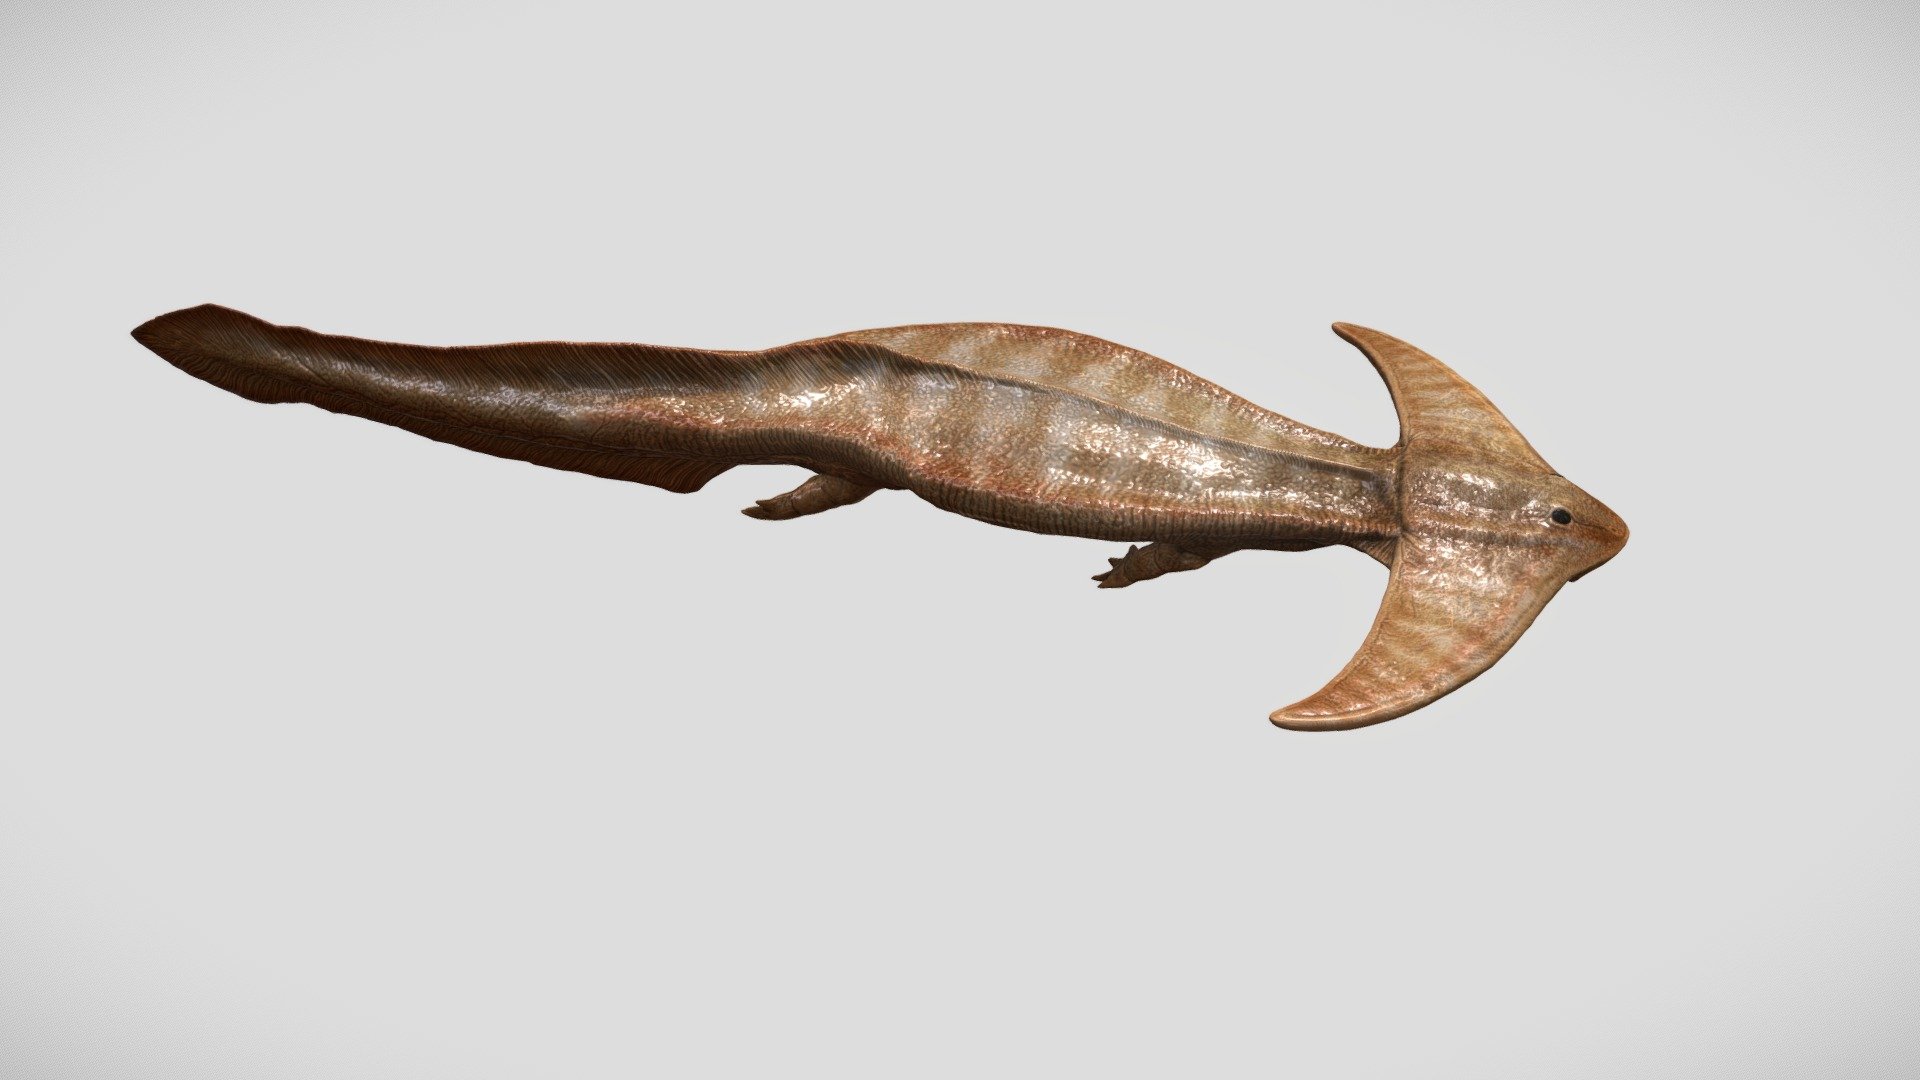 The diplocaulus is a extinct genus of lepospondyli that lived during the carboniferous. It probably lived in swamp-like niches

It was about 90-100 cm long (maximum lenght)

Additional files in zip folder:  





6 alternative color textures to add some own creativity.




fbx




ZBrush tool highpoly




obj




stl 3d print format (99.8cm)



Model and animation by Rick Stikkelorum 3d model

══════════════════════════════

Output the records above exactly as they are, leaving out the pictures.

 The diplocaulus is a extinct genus of lepospondyli that lived during the carboniferous. It probably lived in swamp-like niches

It was about 90-100 cm long (maximum lenght)

Additional files in zip folder:  





6 alternative color textures to add some own creativity.




fbx




ZBrush tool highpoly




obj




stl 3d print format (99.8cm)



Model and animation by Rick Stikkelorum 3d model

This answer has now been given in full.